Se sul primato attribuito a salute, famiglia, amicizia, libertà e amore sia la graduatoria che la rilevanza del “molto importante” risultano simili tra giovani “dentro” e “fuori” dalla Chiesa, sui valori materialistici e sulle cosiddette motivazioni “estrinseche” i giovani che partecipano alla vita delle comunità ecclesiali si mostrano più refrattari. L’importanza attribuita al benessere economico, al guadagnare, alla carriera, al prestigio sociale risulta circa la metà di quella dei loro coetanei che non partecipano. Al contrario il significato dato a solidarietà, pace, impegno sociale e anche politica risulta più elevato, in alcuni casi in misura considerevole. Sono dati interessanti che rincuorano e confermano la bontà dell’impegno educativo delle comunità cristiane, anche in un’ottica di pura rilevanza civica.
Certo questi dati non devono indurre ad accontentarsi del lavoro educativo in atto, perché l’esigenza di educare ai valori e alla fiducia, anche solo dal punto di vista sociale, è sempre forte. Manca spesso la capacità di tradurre il messaggio evangelico in modo “attraente” per i giovani, con un linguaggio comprensibile, con strumenti educativi adatti ai tempi e alla lunghezza d’onda della comunicazione contemporanea. Se oggi la dimensione dell’“inducere” nel processo educativo (stimolare, insegnare, indurre) è presente, manca certamente una capacità di “seducere”, ovvero instillare nei ragazzi la forza e la bellezza dei valori di solidarietà e cittadinanza che il Vangelo contiene in modo profondo.

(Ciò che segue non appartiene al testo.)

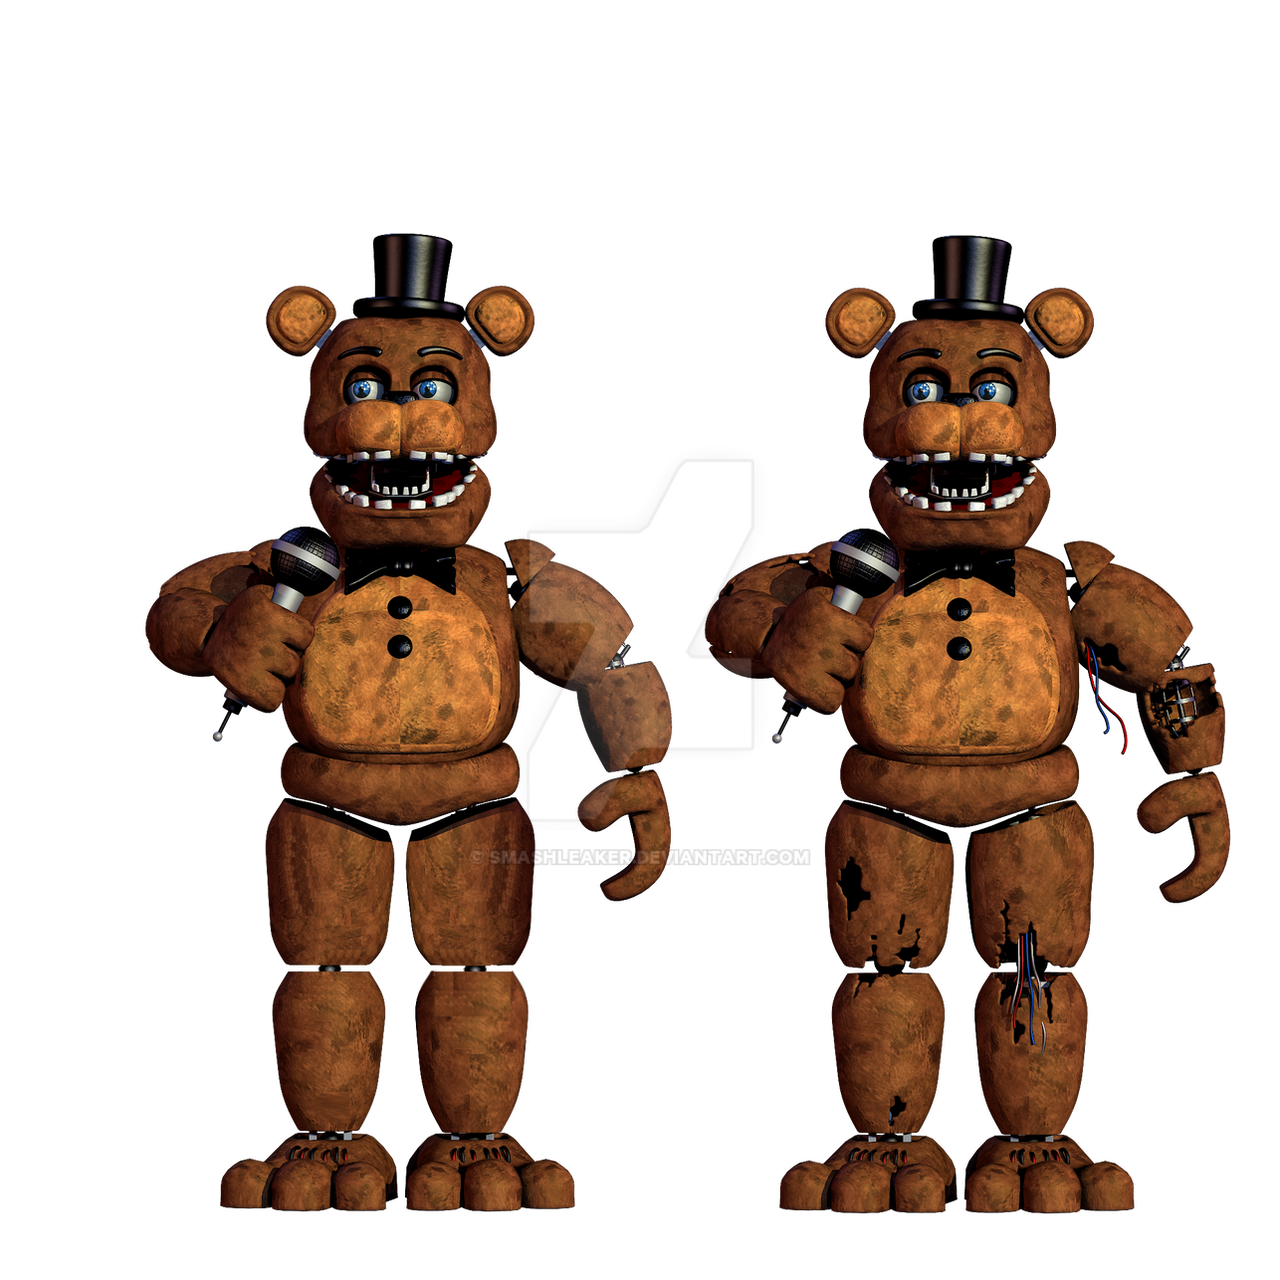 Withered Freddy has been fixed! Unwithered Freddy! (FNaF 2 Mod)

Mancano soprattutto scuole di formazione sociale capaci di parlare e attirare giovani con linguaggi più freschi e coinvolgenti. Una piccola esperienza è quella di Cives, spazio di formazione civica, organizzato dall’Università Cattolica di Piacenza che nelle Diocesi di Piacenza e Benevento da oltre 20 anni cerca di introdurre innovazioni metodologiche nel percorso educativo alla cittadinanza.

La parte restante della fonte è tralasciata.